The Soul Guiding Array, also known as “khan-bông kua-tīn” in Taiwanese, is a form of parade formations unique in Taiwan, commonly performed during funeral ceremonies. It is prevalent in the regions south to the Zhuoshui River. The ensemble of Soul Guiding Array typically consists of five to seven members. The musicians and ritual masters are usually male, while the rest of the roles are portrayed by females. The performance happens around the incense pavilion, with the performers holding magical tools and engaging in recitation, singing, dancing, and various ritualistic acts like guiding souls, consoling the deceased, opening paths, and sending spirits peacefully to the afterlife. These performances reflect the prevailing folk beliefs in Taiwan, including “immortal souls,” “judgment after death,” and “karma and reincarnation.”

== Introduction ==
The Soul Guiding Array is a form of parade formations unique in Taiwan, commonly performed during funeral ceremonies. The performance involves a storyline of guiding the souls to the blissful afterlife, character portrayals, musical accompaniment, and performing techniques. The performance takes the format of “lo̍k-tē-sàu” (an informal performance that traditionally takes place at temple courts) and is observed by audience, usually the bereaved family.
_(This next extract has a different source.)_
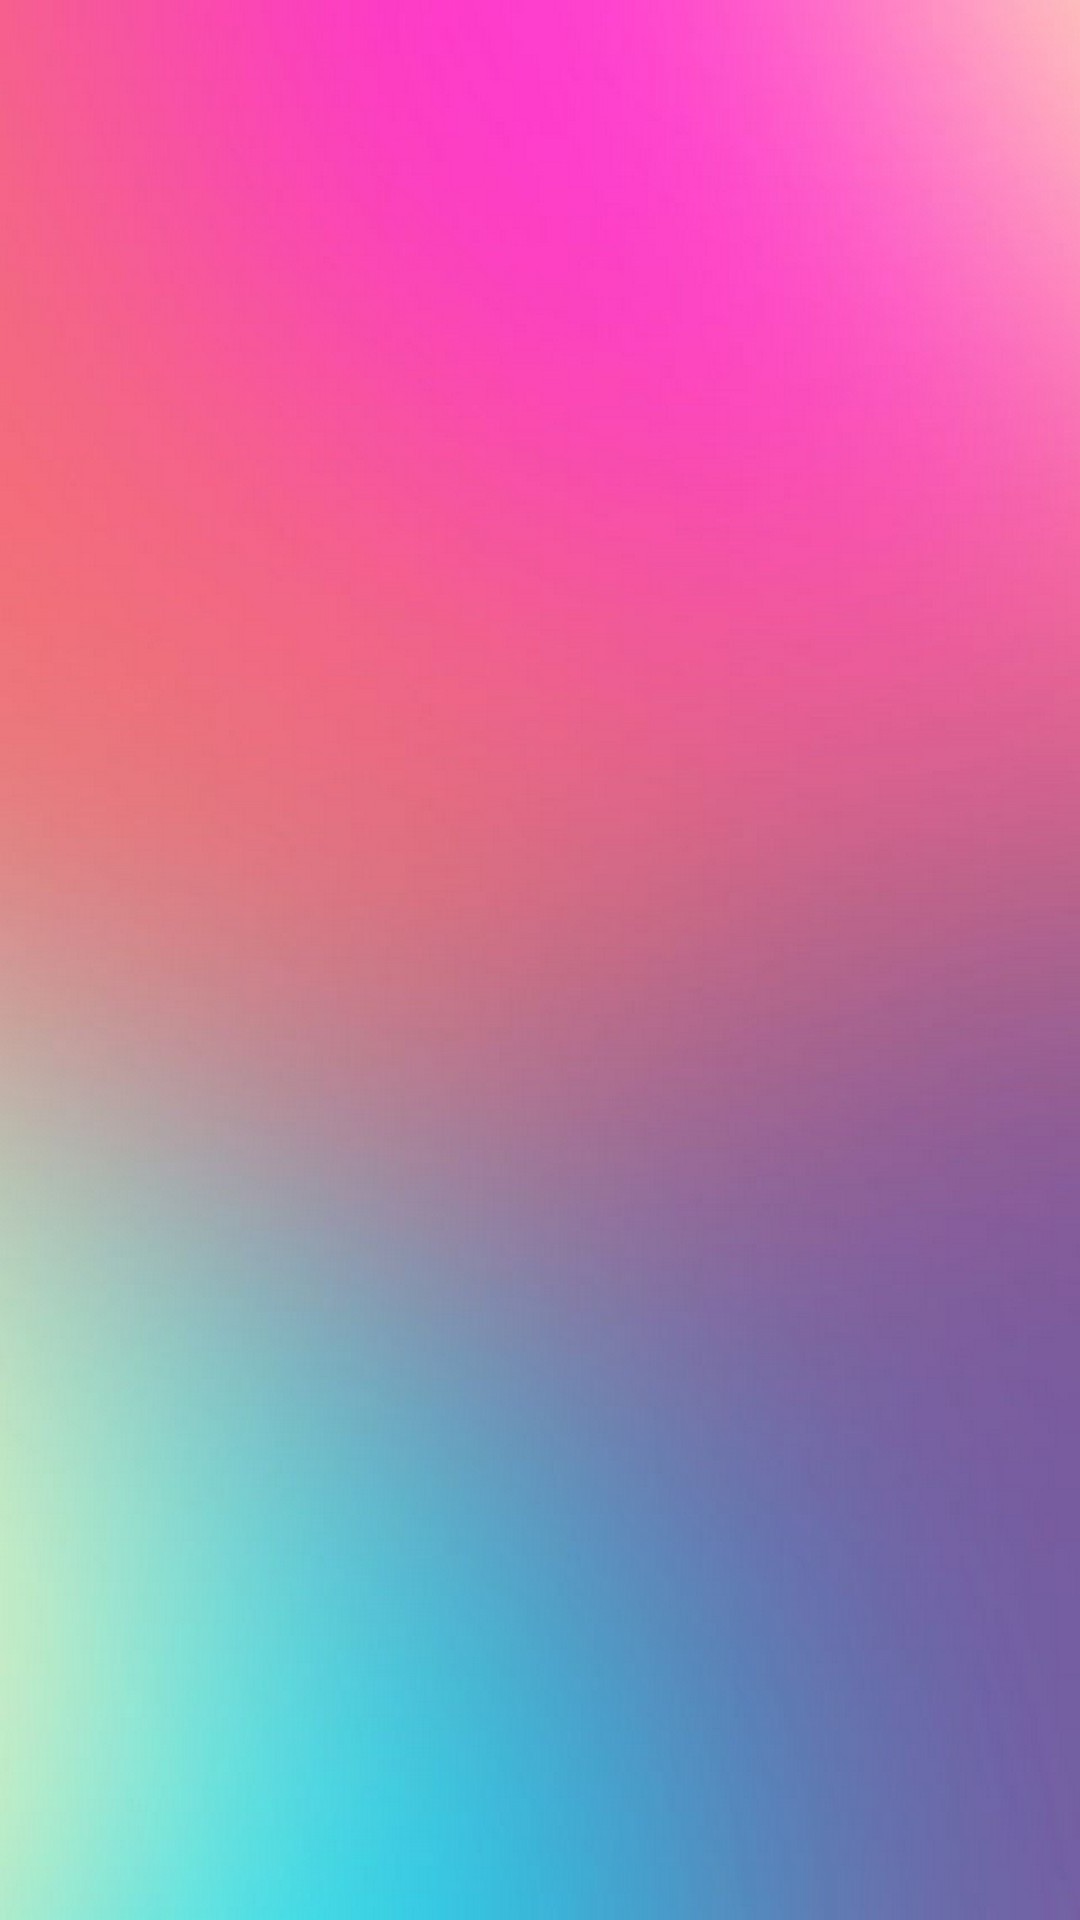 Gradient Backgrounds For Android   2021 Android Wallpapers
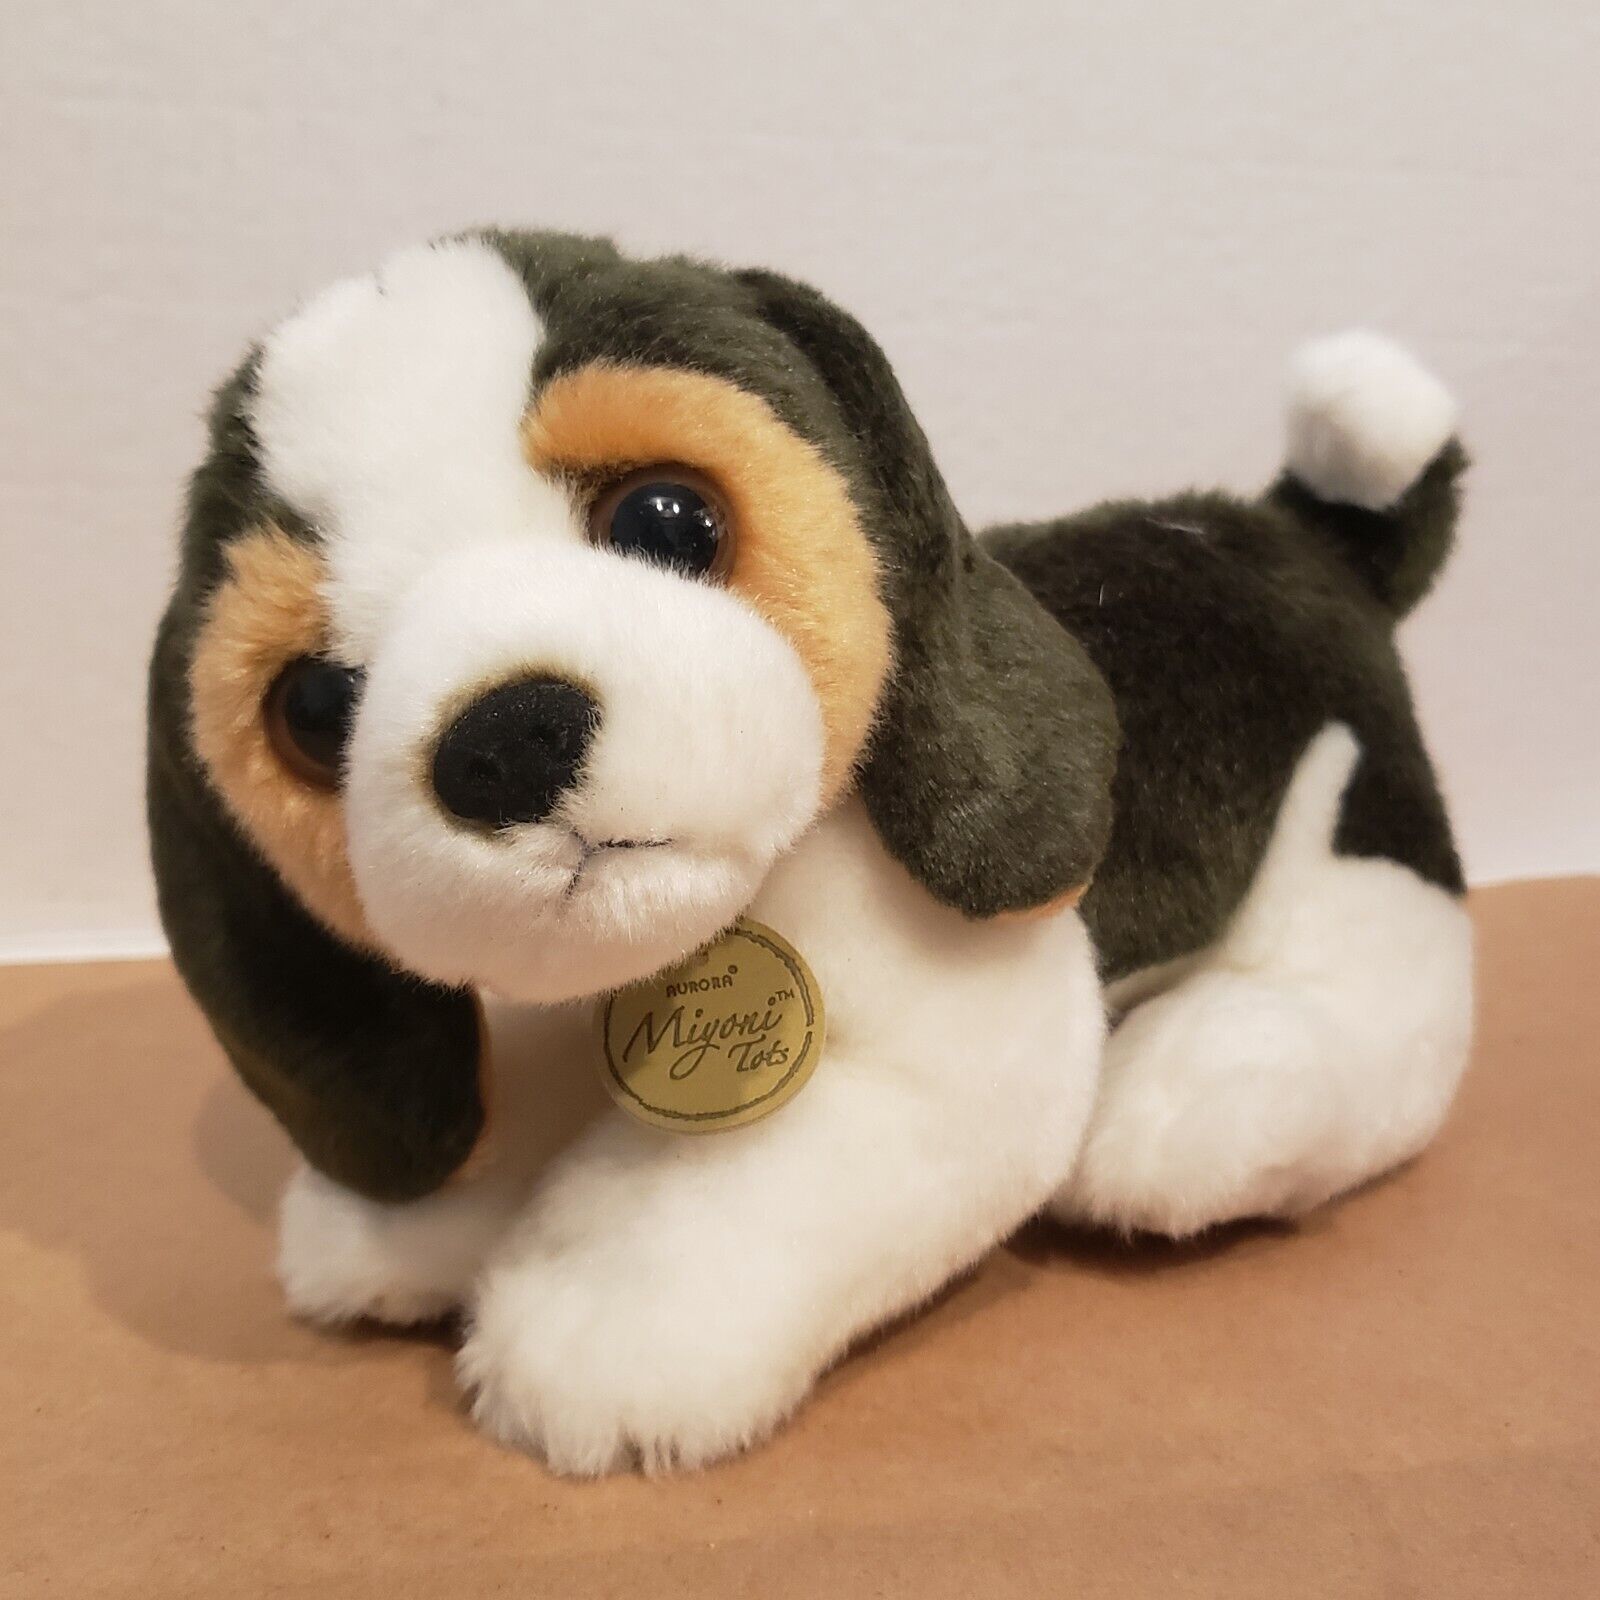 Miyoni NEW before selling Tots By Aurora Beagle Stuffed Puppy Product Tri-Colored Plush Dog

Possessing the archetypical characteristic of theatre, the Soul Guiding Array is thus classified as a form of song and dance drama in additional to its religious purposes.These performances reflect the prevailing folk beliefs in Taiwan, including “immortal souls,” “judgment after death,” and “karma and reincarnation."

== Origin ==
There are three main theories about the origins of the Soul Guiding Array. The first one suggests it originated from China; the second posits it evolved from storytelling, traditional opera, or folk performance to funeral rituals in local Taiwan. The third connects its roots to Taoist rituals. There are scholars that combined these theories and evidence to propose that the formation of Soul Guiding Array was the result of the fusion of folk beliefs, religious funeral practices, and partially the Fujian-originated “séance song.” Combined with the forms of storytelling, Taiwanese opera, and Che Ku music and Conducted through the religious ceremony of soul-redeeming, this amalgamation has become the funeral ritual known as the Soul Guiding Array.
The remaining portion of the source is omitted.